Repository files navigation

@supabase/agent-evals

Test Claude Code on your framework. Measure what actually works.

Why?

You're building a framework and want Claude Code to work well with it. But how do you know if:

  • Your documentation helps agents write correct code?
  • Adding an MCP server improves agent success rates?
  • Sonnet performs as well as Opus for your use cases?
  • Your latest API changes broke agent compatibility?

This framework gives you answers. Run controlled experiments, measure pass rates, compare techniques.

Quick Start

npm install @supabase/agent-evals

Create a dataset that maps eval names to prompts:

// src/dataset.ts
export const scenarios = {
  'create-tasks-table': {
    prompt: `Create a tasks table with title, status, and timestamps.
Set up Row Level Security so users can only see their own tasks.`,
  },
  'add-search-index': {
    prompt: 'Add a full-text search index on the posts table content column.',
  },
};

Create an eval runner:

// my-evals.eval.ts
import { Eval } from 'braintrust';
import { runSingleEval, type EvalFixture } from '@supabase/agent-evals';
import { scenarios } from './src/dataset.js';
import { resolve } from 'path';

Eval('my-project', {
  data: () =>
    Object.entries(scenarios).map(([name, cfg]) => ({
      input: { name, prompt: cfg.prompt },
      expected: null,
    })),
  task: async (input) => {
    const fixture: EvalFixture = {
      name: input.name,
      path: resolve('evals', input.name),
      prompt: input.prompt,
    };
    return runSingleEval(fixture, {
      agent: 'claude-code',
      model: 'claude-sonnet-4-6',
      timeout: 600,
      apiKey: process.env.ANTHROPIC_API_KEY ?? '',
      sandbox: 'docker',
    });
  },
  scores: [],
});

Run with:

ANTHROPIC_API_KEY=sk-ant-... npx braintrust eval my-evals.eval.ts

Creating Evals

Each eval tests one specific task an agent should be able to do with your framework.

Directory structure

Each eval is a directory under evals/. It can contain any files you want the agent to start with — starter code, config files, MCP server definitions, reference docs, etc. The prompt is defined in your dataset, not in a file.

evals/
  create-tasks-table/
    .mcp.json           # Optional: MCP server config
    supabase/           # Optional: starter project files
      config.toml
  add-search-index/
    package.json        # Your framework as a dependency
    src/
      schema.ts         # Starter code for the agent

If an eval has no starter files, the directory can be empty — the agent works with a blank slate.

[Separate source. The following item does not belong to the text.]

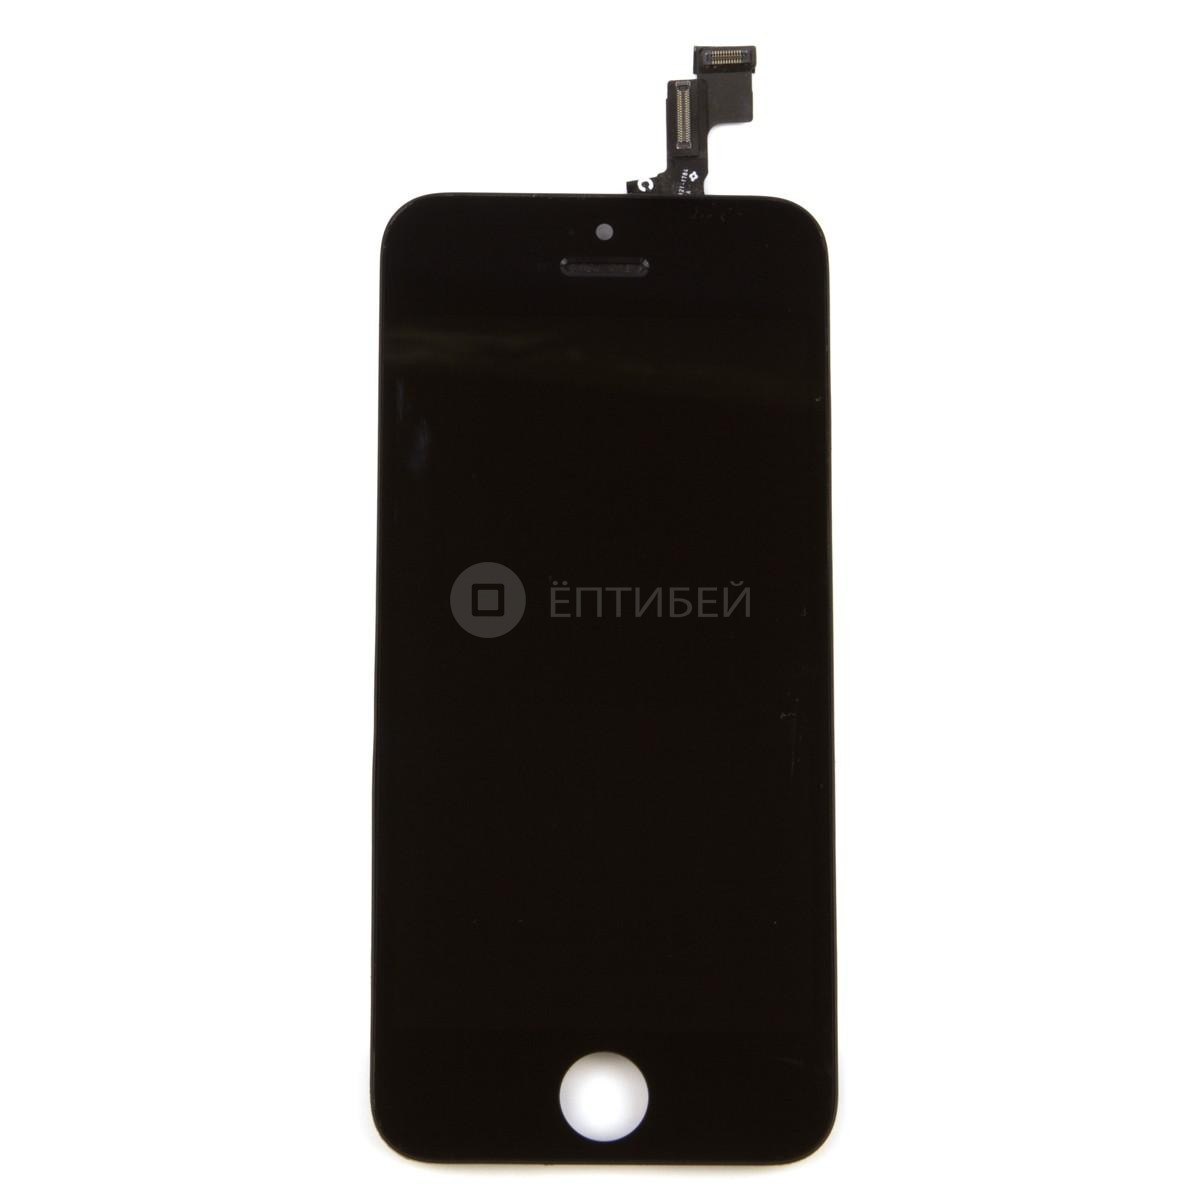 Дисплей в сборе (тач стекло и матрица) для iPhone 5S, SE оригинал черный  для самостоятельной замены с инструкцией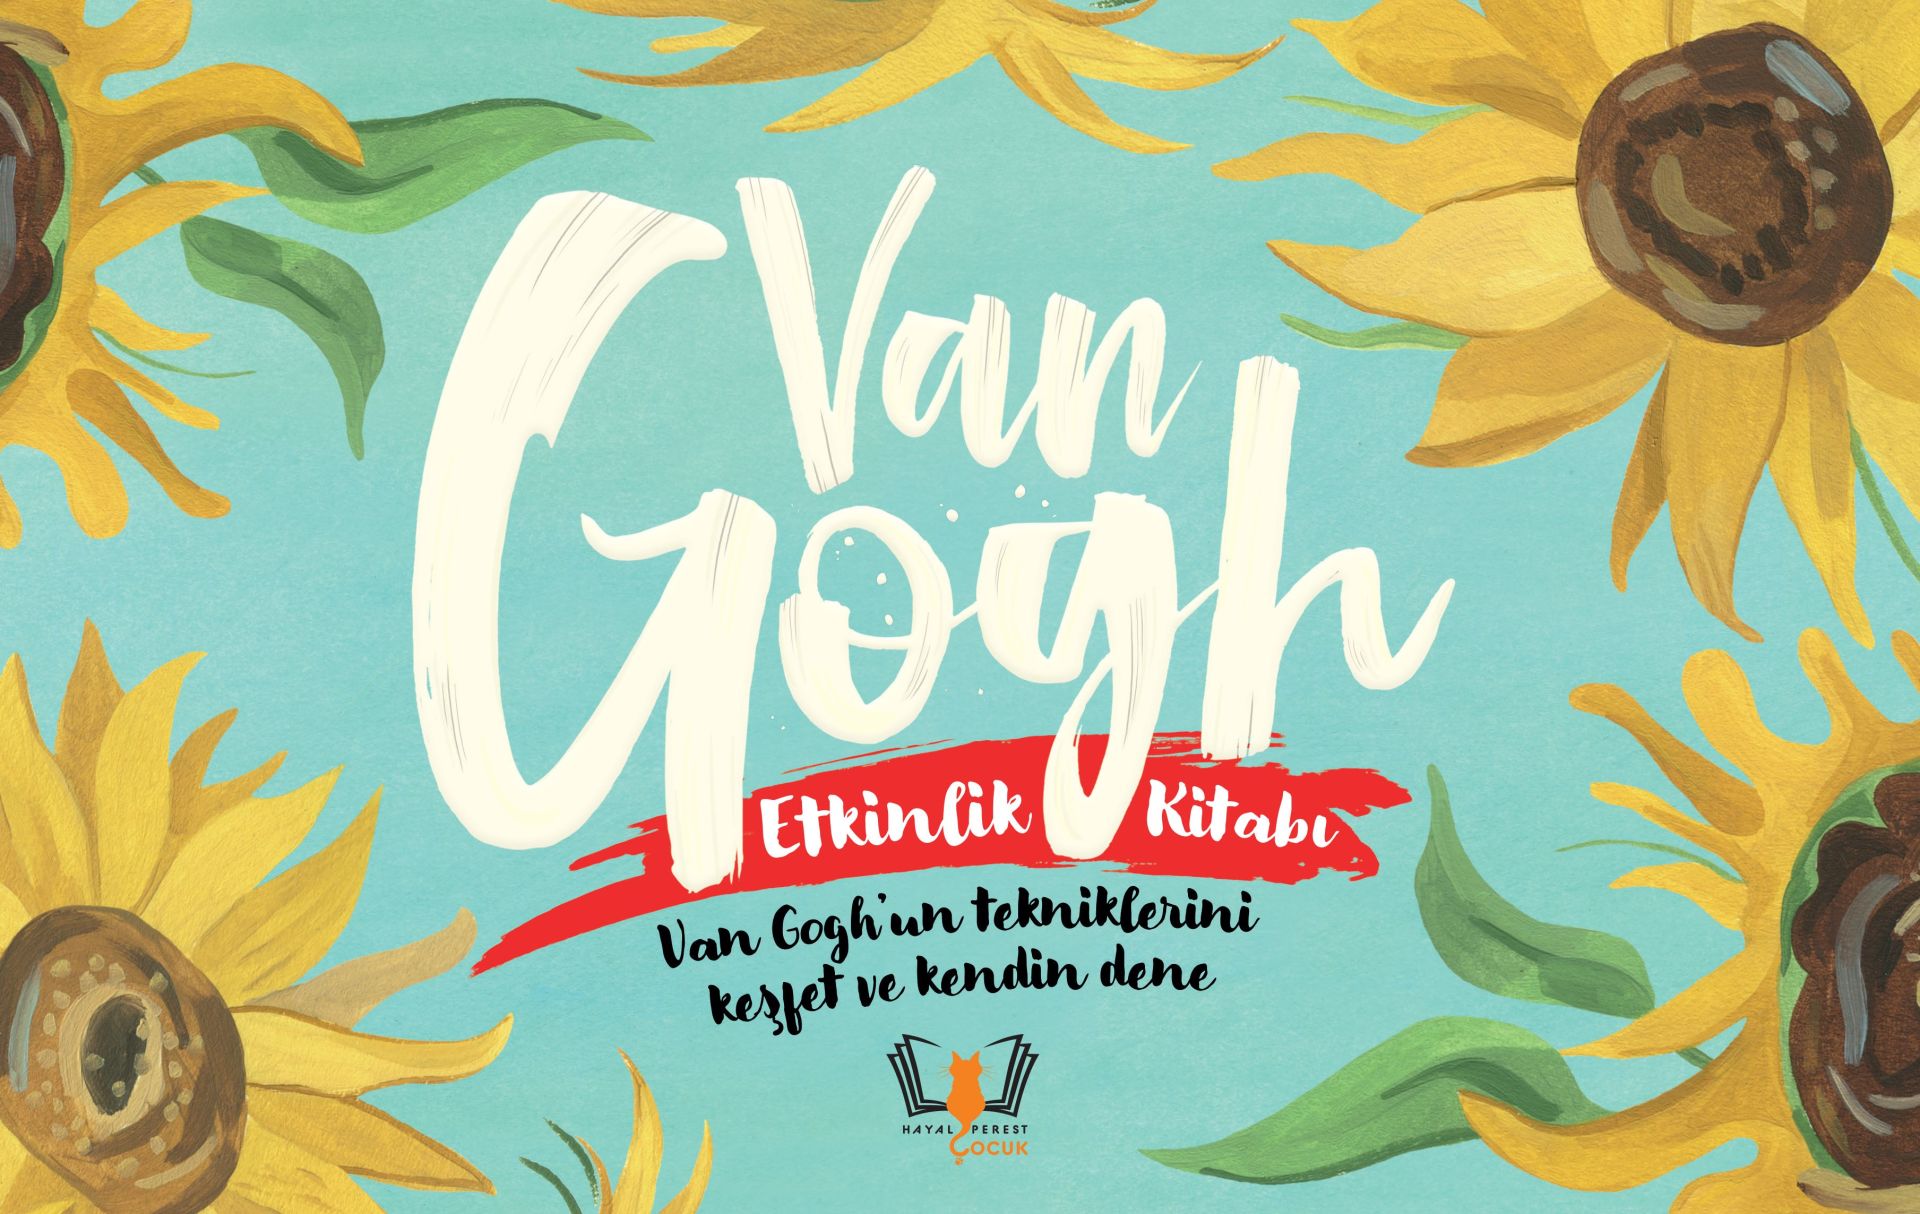 Van Gogh Etkinlik Kitabı Van Gogh’un tekniklerini keşfet ve kendin dene

Asserting on agent behavior

Your scorers can assert not just on the files the agent produced, but on how it worked — which shell commands it ran, which files it read, how many tool calls it made, etc. The framework automatically parses the agent's transcript and makes it available via evalRunData.transcript.

Use parseTranscript to extract structured data:

import { runSingleEval, parseTranscript } from '@supabase/agent-evals';

const evalRunData = await runSingleEval(fixture, { ... });

const parsed = evalRunData.transcript
  ? parseTranscript(evalRunData.transcript, 'claude-code')
  : null;

const summary = parsed?.summary;
// summary.shellCommands, summary.filesRead, summary.totalToolCalls, etc.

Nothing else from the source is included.